Да, мне до такова еще работать. Хотелось-бы увидеть результат работы.
Холостяк подскажите или лучше выставьте фото если есть "Штурман - снайпер" 75-го года образца.
С уважением.

----------


## Холостяк

> Да, мне до такова еще работать. Хотелось-бы увидеть результат работы.
> Холостяк подскажите или лучше выставьте фото если есть "Штурман - снайпер" 75-го года образца.
> С уважением.


Обязательно по результатам сообщу инфу. 
По знаку "Штурман-снайпер" 75 года... У меня этого знака нет, а в каталог пока его не фотографировал. Если сфоткаю его, то не вижу препятствий разместить его тут... Получается что в неделю "обрабатываем" порядка по 200 знаков. До "крылышек" пока не дошли.

Но вот в Интернете есть:
http://ucoll.ru/section.asp?ClickID=...tID=548&Pg=155

----------


## Холостяк

Да уж... Вот как бывает...
Уже каталог был практически сделан. Все сфотографировано... Набор текста был сделан, все по разделам, принадлежности подразделениям ВВС и хронологии. Осталась верстка и в печать.
В августе пошли в отпуска и после отпуска решили продолжить. Отпуск прошел. Решил сам быстренько подойти и за работу, а оказалось что коллекционер-пенсионер в тяжелом состоянии с инсультом в Красногорском госпитале. Надежды очень мало...
Но надеюсь, что все таки человек выкарабкается. 
Очень жаль.

----------


## Холостяк

К сожалению с каталогом ничего не получится. Очень жаль....
До настоящего времени Анатолий Васильевич не восстановился. Последствия инсульта тяжелые.

----------


## Тореро

У меня есть самиздатовский черно-белый каталог знаков- "Авиация ПВО" 1998 года.
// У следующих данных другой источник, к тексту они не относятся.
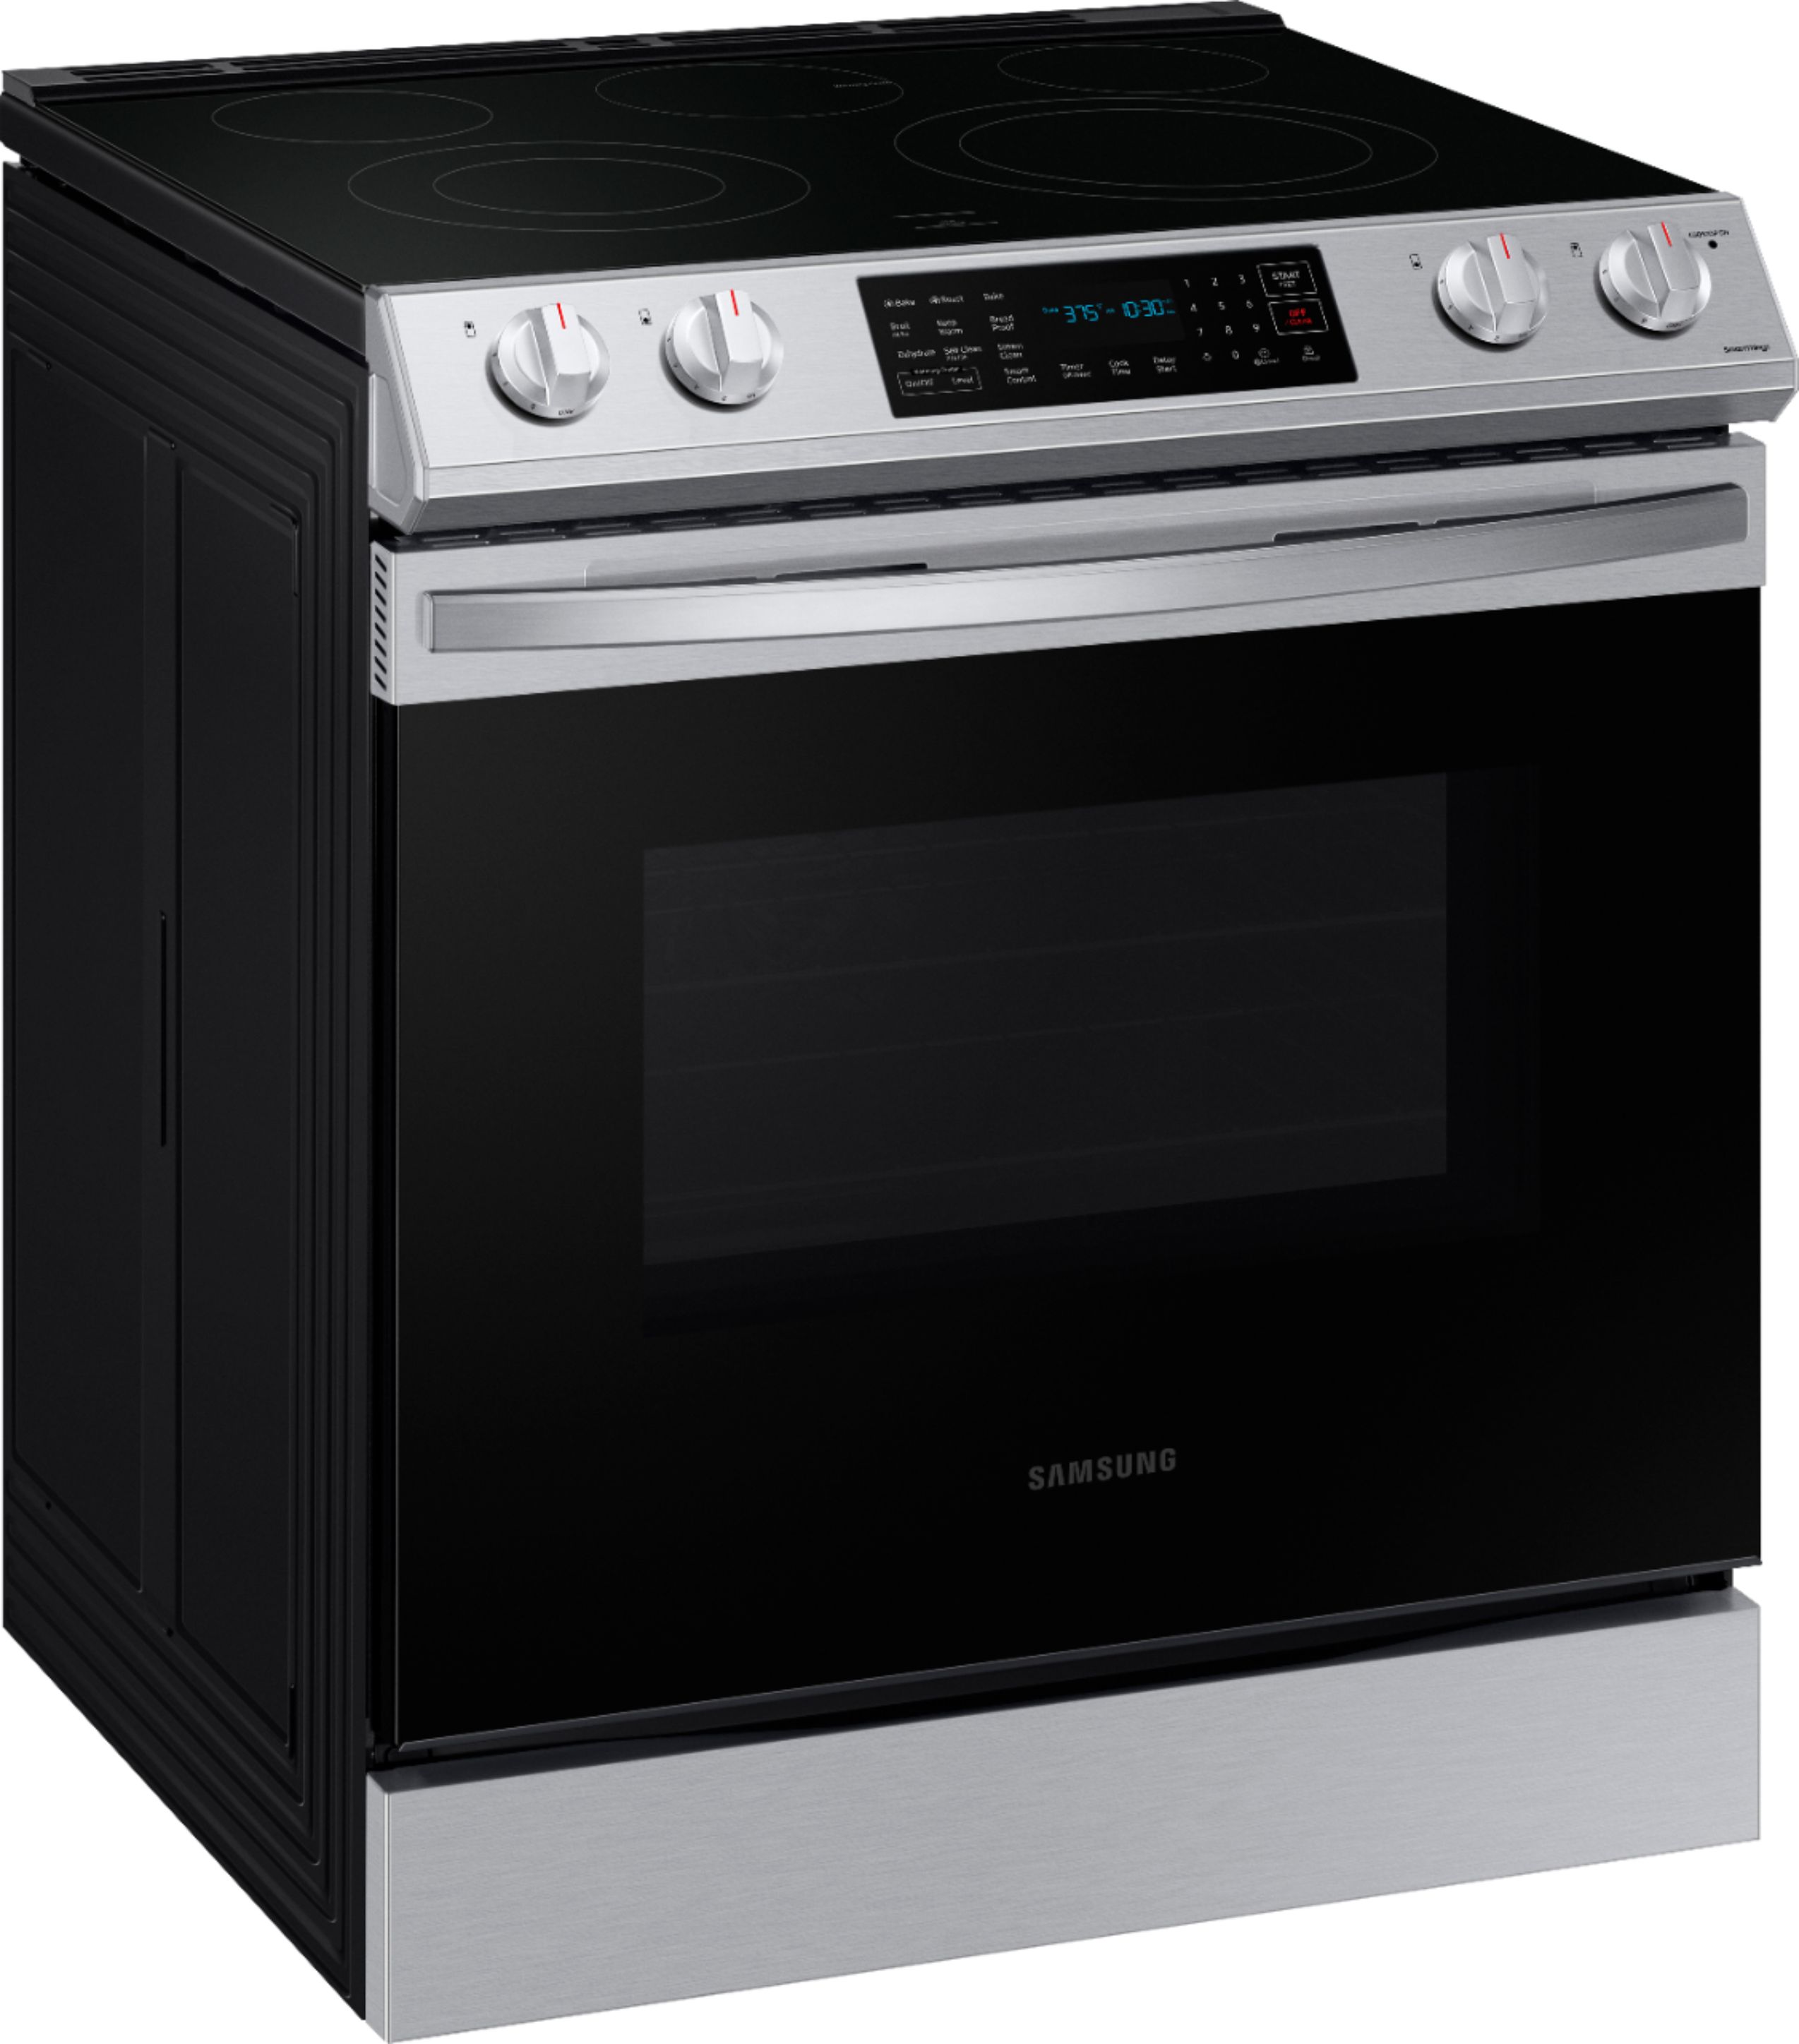 Angle View: Samsung - 6.3 cu. ft. Front Control Slide-in Electric Range with Convection & Wi-Fi, Fingerprint Resistant - Stainless steel

Качество среднее,но достаточно полная информация

----------


## Sibiryak

В н.вр. НЕ СУЩЕСТВУЕТ более-менее полного и объективного каталога т.н. «полковых» знаков ВВС. Лично мне известны 3-4-5-6 (это как считать!) самиздатовских каталога, выполненных в рисованном черно-белом исполнении, издания начала 90-х. Но при всем моем глубоком уважении к их авторам, некоторых из которых знаю лично (и кое-кого знал, т.к. это люди преклонного возраста, и они, увы, уходят из жизни), эти каталоги, к большому сожалению, имеют ряд неточностей, в основном по дислокации частей, их подчиненности, действительным наименованиям и пр.
И это понятно почему. Это, во-первых, плоды деятельности наших режимных органов (говорю это без какого-либо сарказма), и, во-вторых, это результаты бесчисленных оргштатных пертурбаций структуры ВВС, как вида Вооруженных Сил. 
И нет ни малейшей вины авторов-энтузиастов-издателей данных каталогов в допущенных ошибках. Их следует уважать уже за то, что они, не обладая полнотой информации, годами, по крупицам собирали материалы и все-таки издали свои Труды.
Тираж этих каталогов идет на единицы, ну, может быть на пару-тройку десятков, т.к. это всё делалось, в основном для себя и потом уже для своих немногочисленных коллег коллекционеров-авиаторов…
Но жизнь не стоит на месте. Сейчас можно многое почерпнуть из Сети, но и здесь не всё так однозначно. Сейчас многократно больше информации, скажем, на тему истории ВВС, можно найти боевые составы ВВС на тот или иной период или конкретный год, но… Тем не менее, нет более-менее ДОСТОВЕРНОЙ информации.
Я располагаю достаточно обширным объемом справочных данных, скажем, по истории частей ВВС или ВУЗам, или боевому составу, но всё это настолько порой противоречиво, что приходится искать, так скажем, «третьи» источники, чтобы убедиться в правоте «первого» или «второго» имеющегося.
Так вот, на протяжении нескольких последних лет, я обобщаю, сортирую, дополняю и т.п., имеющийся у меня справочный материал по всем Военно-Воздушным Силам.
Более того, я хочу подкрепить текстуальную часть будущего опуса цветными изображениями (сканами) знаков. (Для справки: располагаю подавляющим большинством "полковых" и не только знаков ВВС, выпущенных в «советский» и «новороссиянский» периоды, общим количеством более 5 000 штук. Отдельных знаков у меня ПОКА нет, но всё же их значительно меньше, чем имеющихся. Мне есть к чему стремиться  :Wink: ).
Вырисовывается целая книга. И не в одном томе… Отдельно скажем, полки ВВС и ПВО, отдельно морская авиация, отдельно ВУЗы…
Основной и главенствующий тормоз сего деяния – колоссальная нехватка времени… Увы.
Остаюсь с уважением.

----------


## Д.Срибный

Нехватка времени - это общая проблема, увы. Будем надеятся, что Вы, все же найдете время, силы и средства, чтобы сделать книгу. Очень хотелось бы увидеть более-менее полный, профессионально изданный каталог по этой тематике ))

----------


## Sibiryak

Буду стараться. 

_____________________________________
Остаюсь с уважением, Сергей

----------


## ALI

К сожалению не сталкивался с каталогами на авиационную тематику,но вот на этом форуме есть интересные подборки : http://forum.faleristika.info/viewforum.php?f=87

----------


## ALI

> Есть ли каталоги по авиационной фалеристике? Говорят, что выпускались только самиздатовские? Так ли это? Где можно купить и сколько стоит? :-)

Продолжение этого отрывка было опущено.